• **What is being asked**: Repeat exactly what runs from the line with "Realistic sprinter yellow" through the last line of the material, and keep the pictures out of it.

• **Dataset section**:

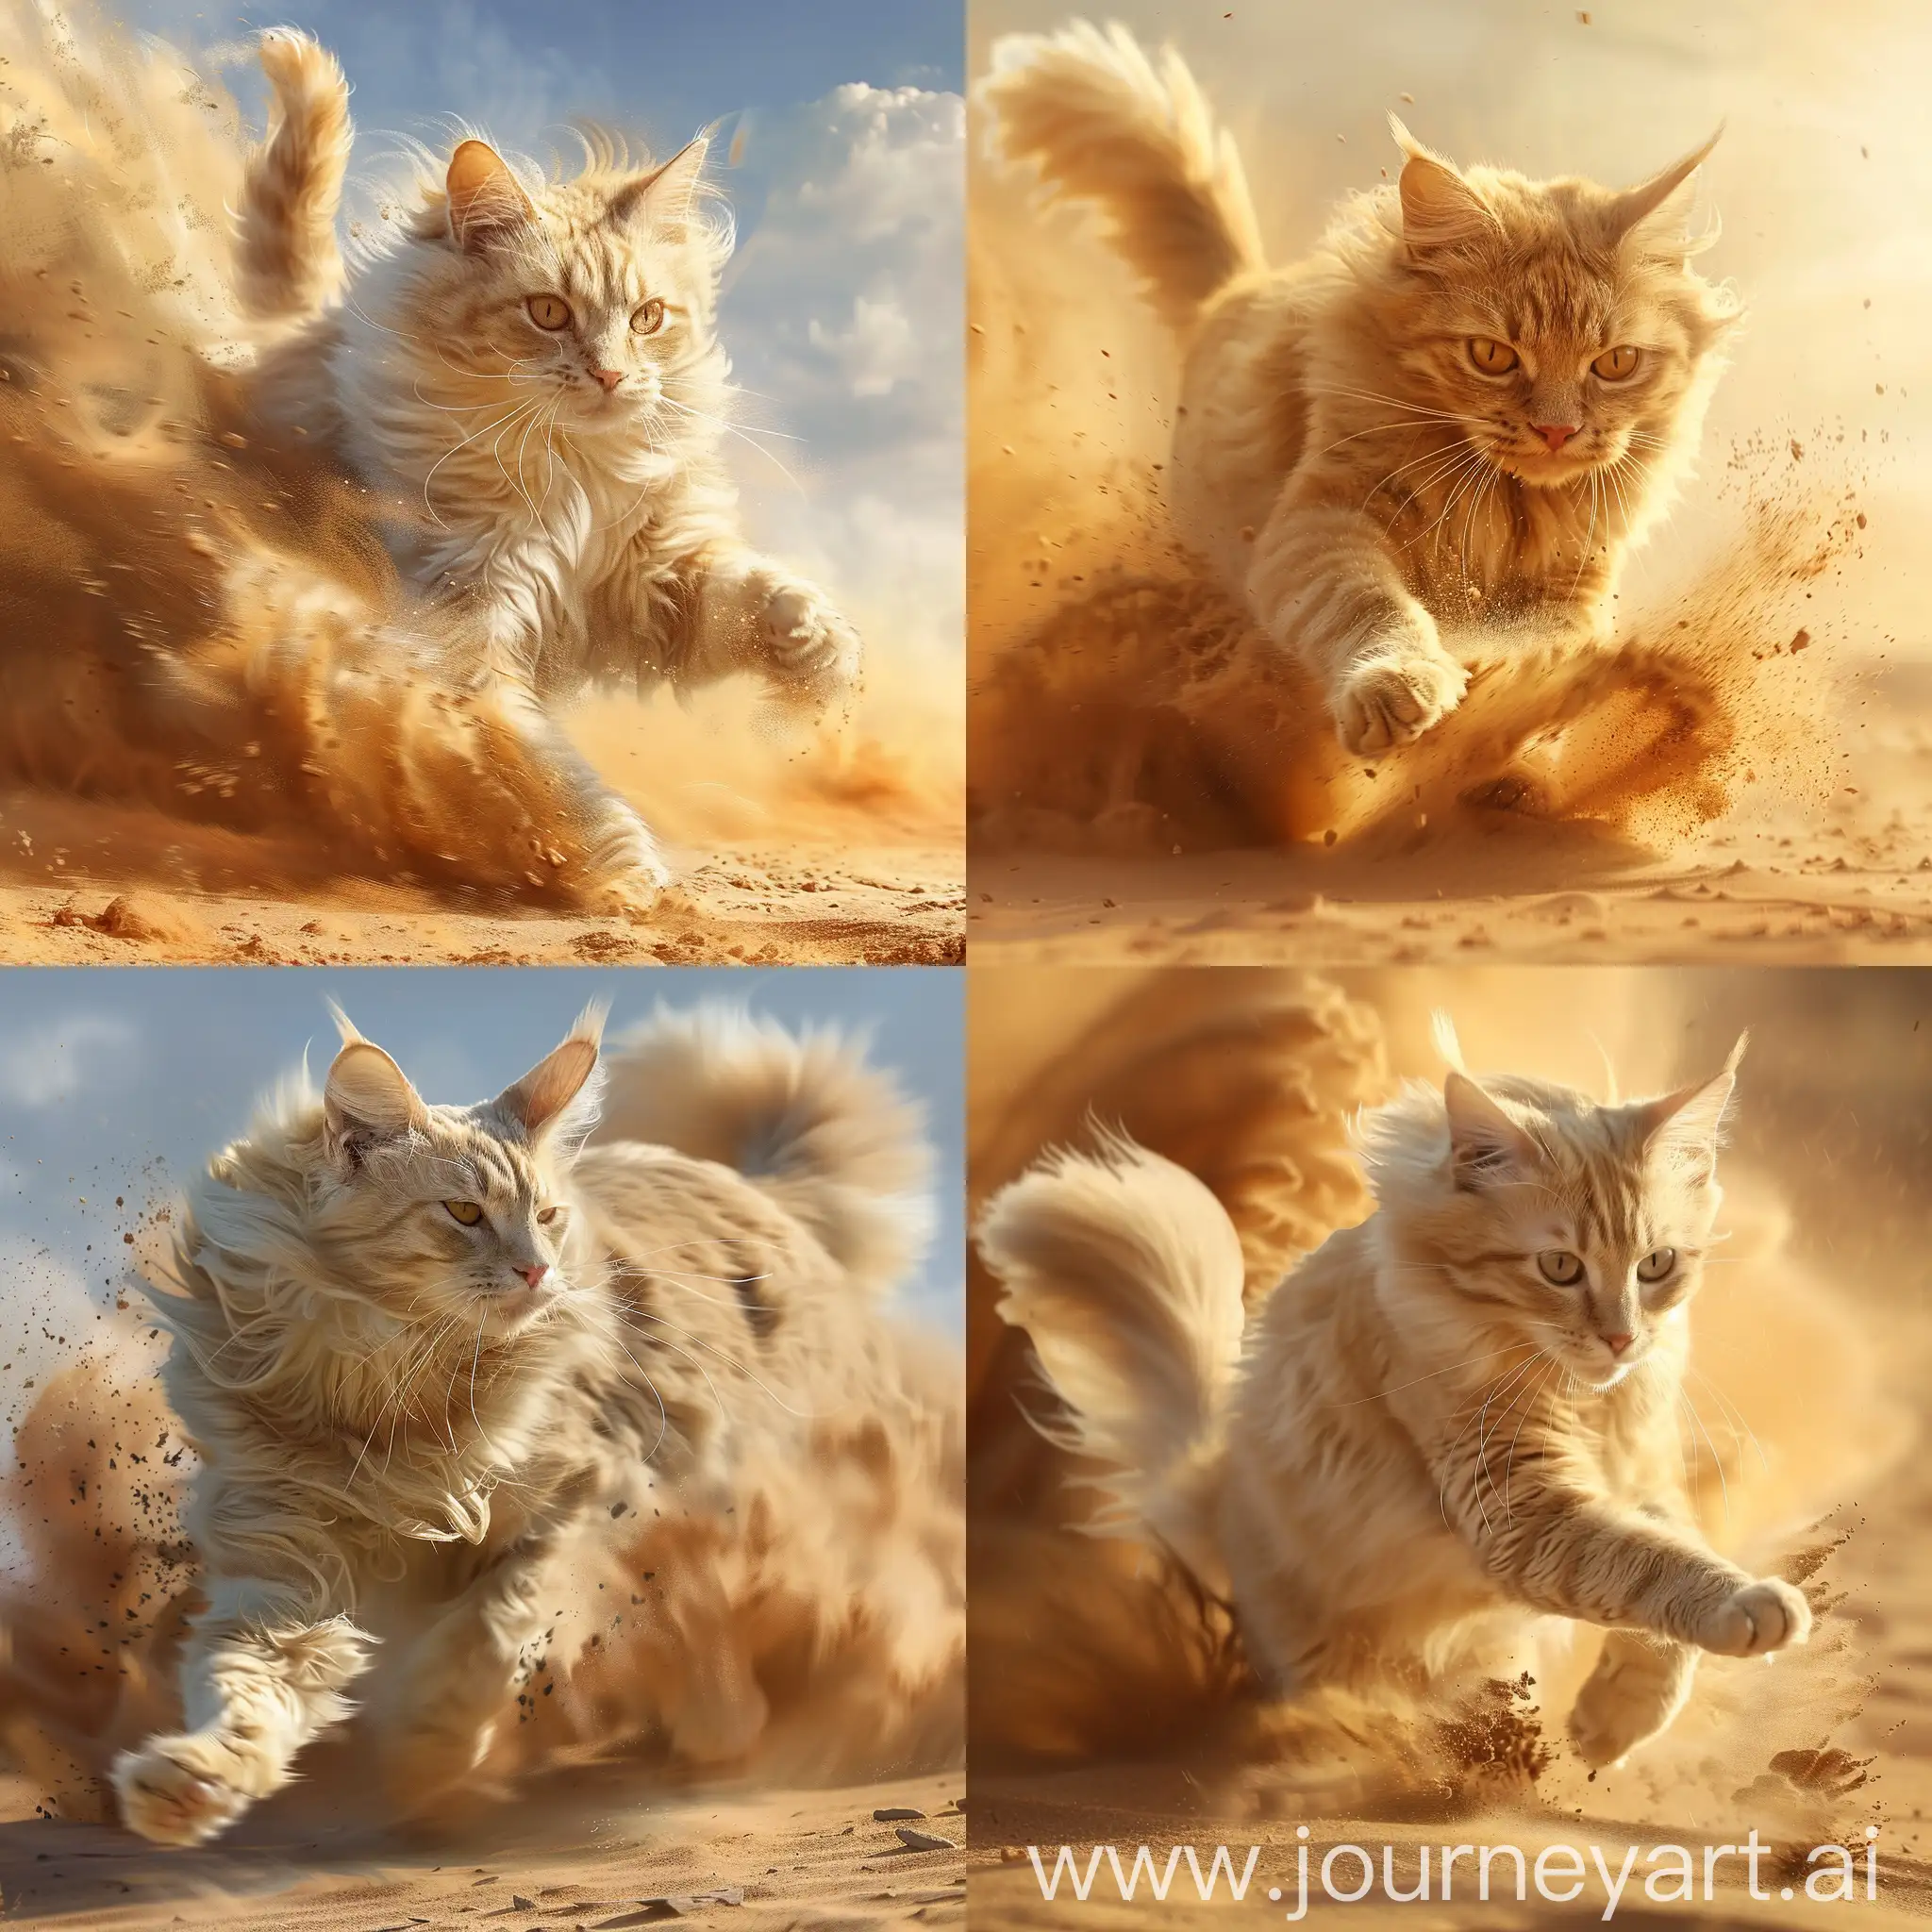 https://i.imgur.com/24QUFp9.jpeg, 
Realistic sprinter yellow Turkish Angora cat, running in the desert, causing sandstorm wherever he goes, front image capture
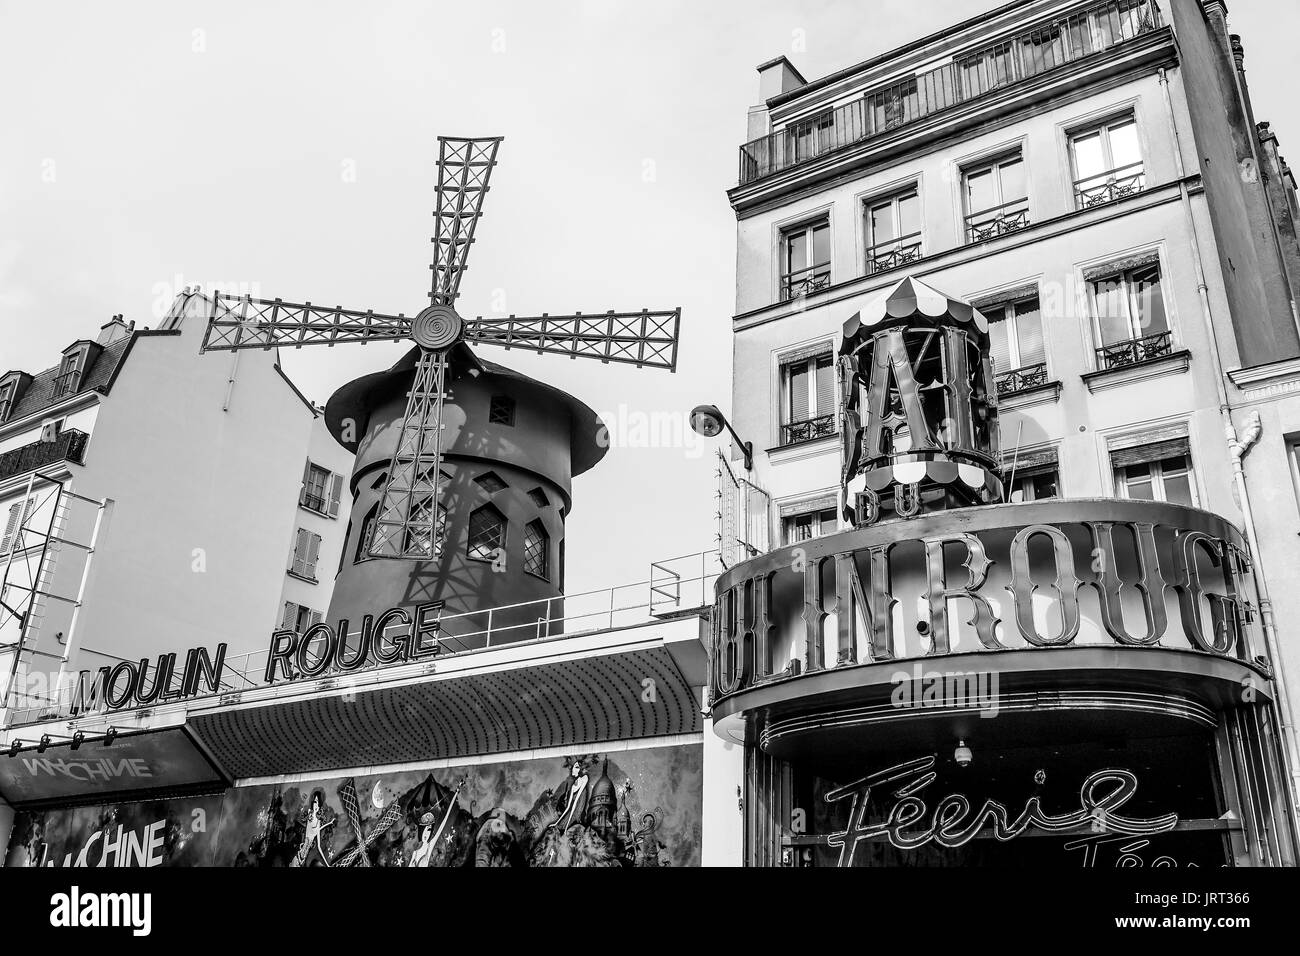 Das berühmte Moulin Rouge Cabaret Veranstaltungsort in Paris - Paris/Frankreich - 24. SEPTEMBER 2017 Stockfoto

• **The answer**:
Realistic sprinter yellow Turkish Angora cat, running in the desert, causing sandstorm wherever he goes, front image capture
 Das berühmte Moulin Rouge Cabaret Veranstaltungsort in Paris - Paris/Frankreich - 24. SEPTEMBER 2017 Stockfoto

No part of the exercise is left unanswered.